● **Material for this task**
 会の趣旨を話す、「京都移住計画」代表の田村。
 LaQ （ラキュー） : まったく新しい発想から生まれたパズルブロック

* * *

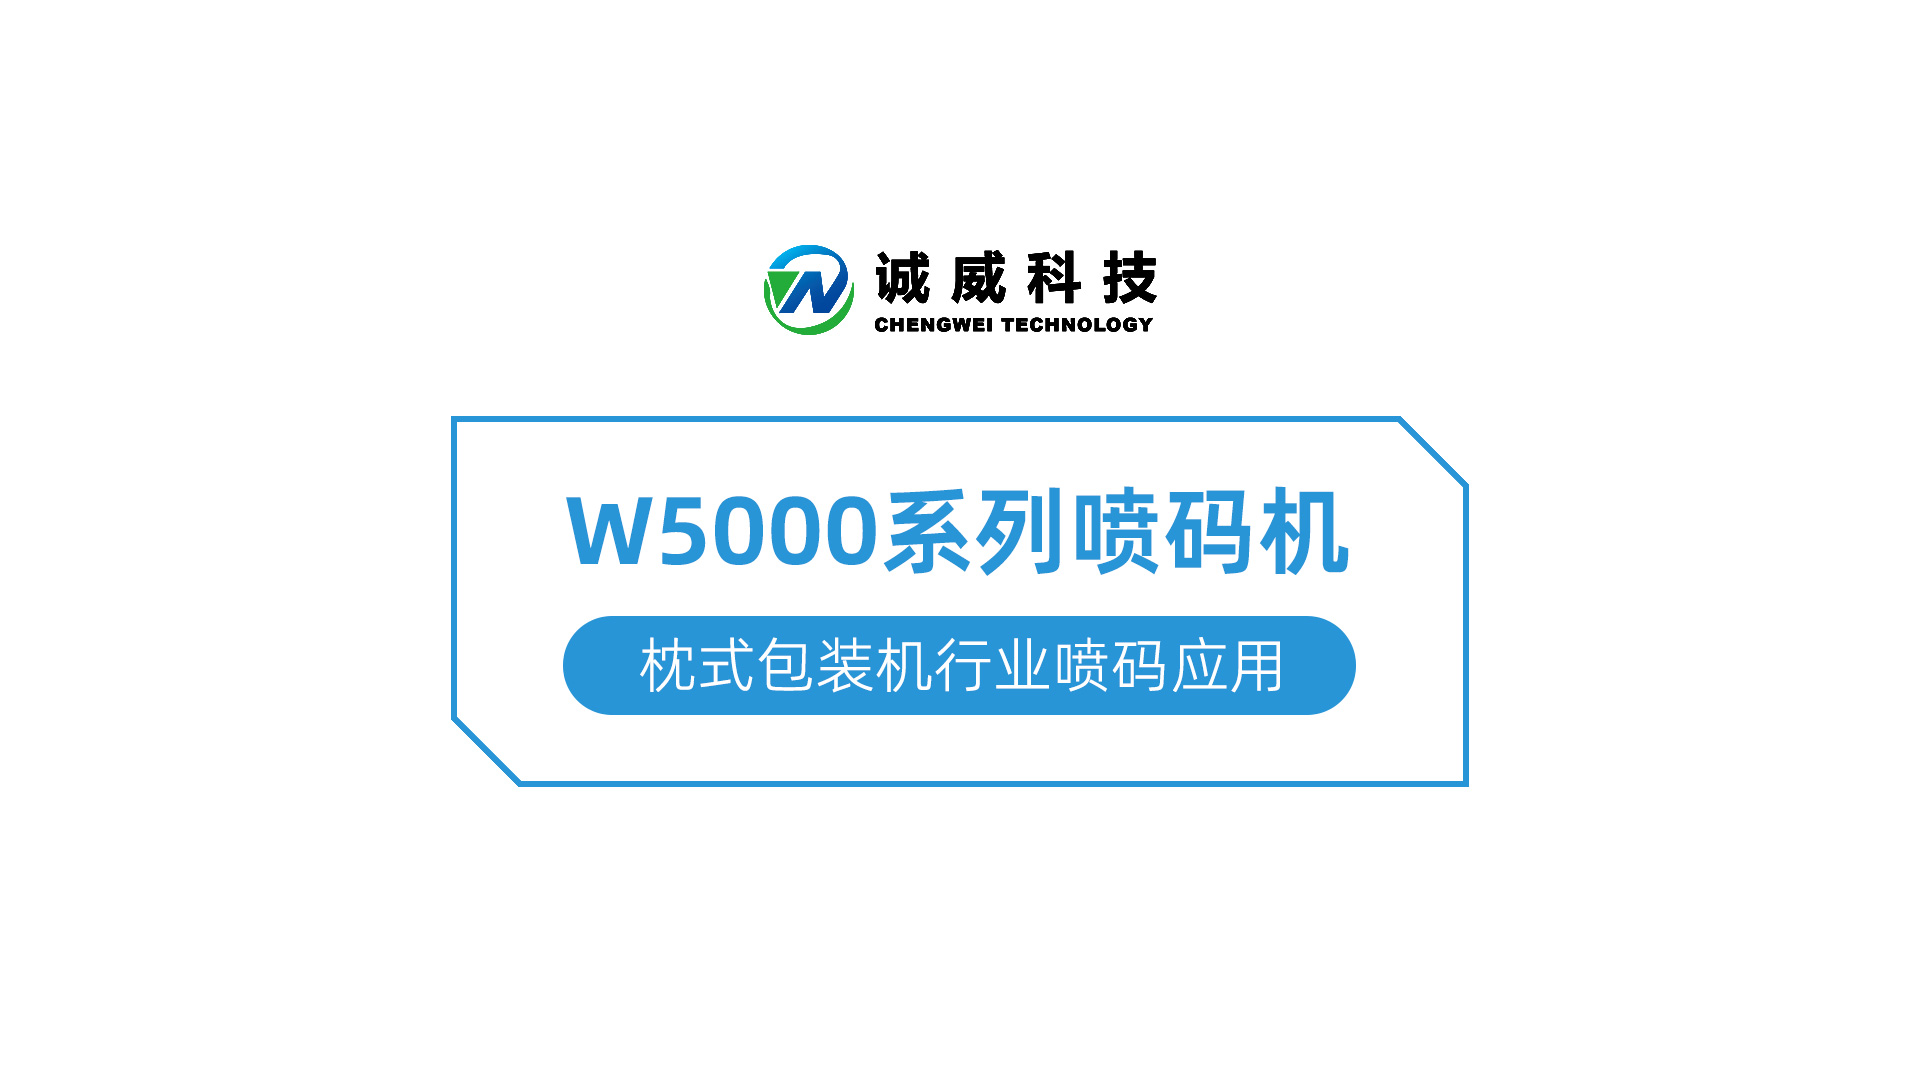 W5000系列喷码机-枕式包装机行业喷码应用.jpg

● **Problem to solve**
Which lines above run from the one containing "会の趣旨を話す、「京都移住計画」代表の田村。" down to the one containing "LaQ （ラキュー） : まったく新しい発想から生まれたパズルブロック"? Repeat exactly those, both ends included, and nothing else.

● **Answer box**
 会の趣旨を話す、「京都移住計画」代表の田村。
 LaQ （ラキュー） : まったく新しい発想から生まれたパズルブロック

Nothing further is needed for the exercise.